Чтобы ватага из ста пятидесяти удалых ушкуйников от полуночи до рассвета не могла взять обнесенное невысоким тыном торговое село? Конечно, дождь не давал разгореться огню, а почему ни с того ни с сего полил дождь? Когда с вечера ничто его не предвещало?

Вопли о вмешательстве в распрю белоглазой чуди посеяли панику в рядах нападающих — отчаянные новгородцы дрогнули и побежали к своим ушкуям.

Васятка Пегий, чураясь и чертыхаясь про себя, успокоился только вскочив на нос многовесельной ладьи. Рано успокоился. Оставленные им позади, не столь легкие на ногу ушкуйники падали один за другим, поражаемые злым колдовством инородцев. В предрассветных сумерках дальнозоркие глаза воина отчетливо видели спотыкающихся и падающих на бегу товарищей. А находящаяся при пяти ушкуях немногочисленная охрана и не думала спешить на помощь невезучим соратникам — напротив, проверенные в боях отважные воины помышляли только о бегстве.

Впрочем, и сам Васятка, начальствующий над сорока ушкуйниками, ни слова не возразил, когда, с трудом оттолкнув от берега тяжелую ладью, человек двадцать перевалилось через борт и бросилось к веслам. Ушкуй стремительно вышел на стрежень, и только здесь на середине реки, почувствовав себя в относительной безопасности, незадачливый командир смог оценить ущерб, нанесенный нечистой силой.

Кроме их ладьи от берега отчалил только один ушкуй — три других оставались в заводи, в которой их спрятали новгородцы перед набегом на казавшееся таким беззащитным село.
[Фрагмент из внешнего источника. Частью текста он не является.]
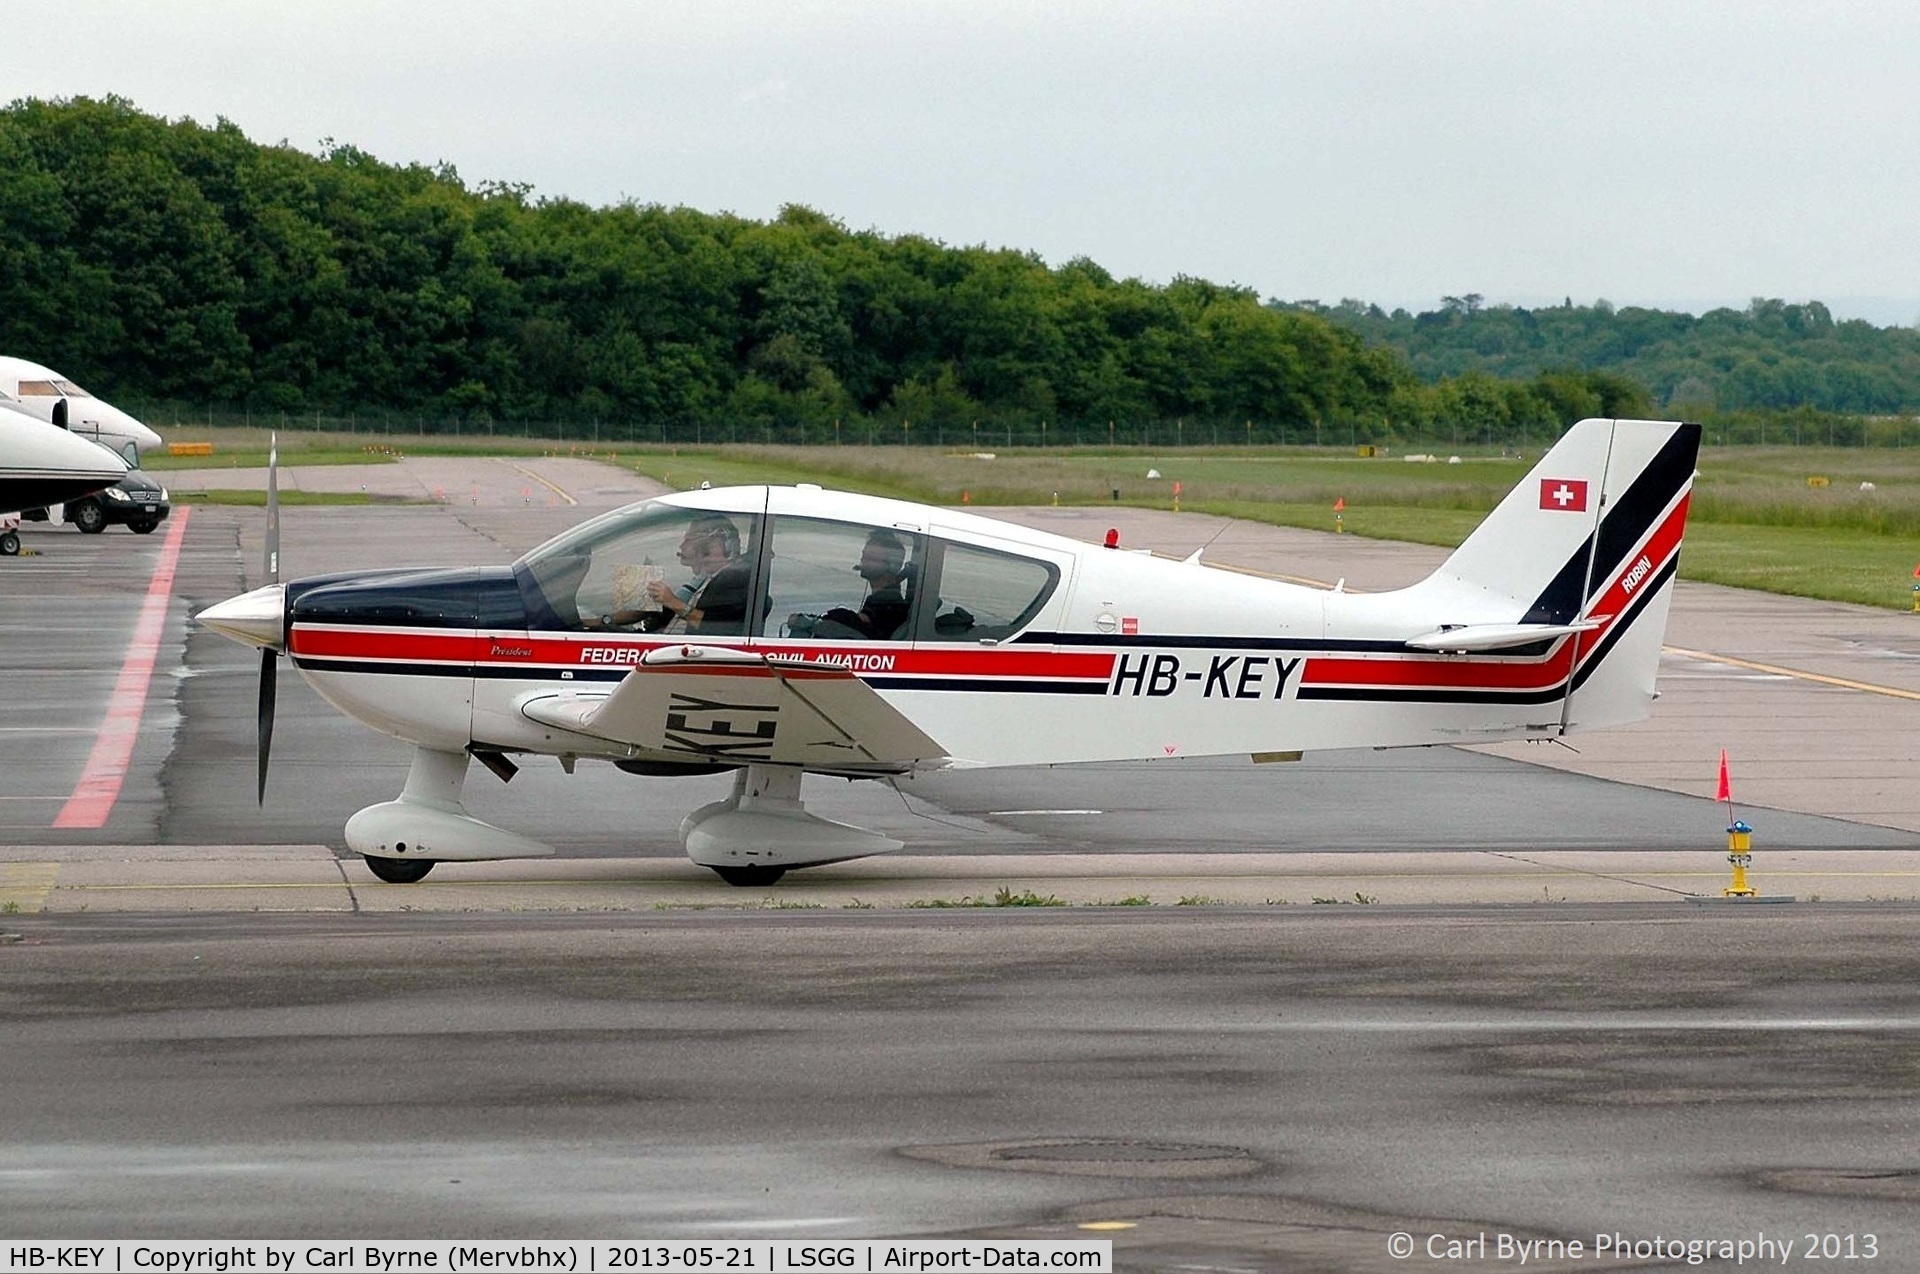 HB-KEY, 1998 Robin DR-400-500 President C/N 11, Taken from the Aerobistro.

И на тебе! Кто бы мог подумать, что местные смерды столкуются с белоглазой чудью! Но все равно, учиненное колдовство не лезло ни в какие ворота! Напугать — да; но чтобы разом погубить полтораста человек — извините! На это не способна никакая чудь!

Васятка Пегий почему-то был уверен в гибели упавших на бегу товарищей — хотя это противоречило многовековому опыту славян: настоящее смертельное колдовство действует строго индивидуально. А не так скопом, когда люди падают на бегу, будто пораженные невидимыми стрелами!

Вставало солнце, страх проходил — бежавшие ушкуйники, устыдившись своего малодушия, решили возвратиться назад: вдруг да не все их товарищи пали жертвой нечистой силы?

Против течения грести было нелегко, места ночной битвы они достигли ближе к полудню и были встревожены неестественной тишиной. Настолько неестественной, что опытные речные волки засомневались — полноте? То ли это место, где они потерпели сокрушительный разгром? Если бы не причаленные в укромной заводи три ушкуя, ратники решили бы: не то. На длинном пологом косогоре никаких трупов, но это бы ладно. Смерды могли убрать тела их павших товарищей, не было главного — села. Которое от полуночи до рассвета осаждало почти сто пятьдесят отважных, искусных воинов. И, естественно, никаких следов ночного побоища. А ведь по прикидкам Васятки Пегого, возле невысокого тына пало… а действительно? Сколько дружинников пало в ночной битве?

Теперь, когда и само село, и все его жители, и сраженные колдовством ушкуйники провалились в тартарары, Васятка вспомнил удивительную особенность ночной осады: в том отчаянном сражении не было убитых ни с той, ни с другой стороны. Он сам, два раза пораженный стрелами и получивший зверский удар топором по голове, не имел на теле ни одной раны. Да что раны — царапины. Да, когда топор хрястнул по черепу — у него в глазах потемнело, и он, кажется, упал на землю. Однако сейчас нигде ничего не болело, а на голове не прощупывалось даже шишки. Не говоря о глубокой рубленой ране, которую должен был оставить топор.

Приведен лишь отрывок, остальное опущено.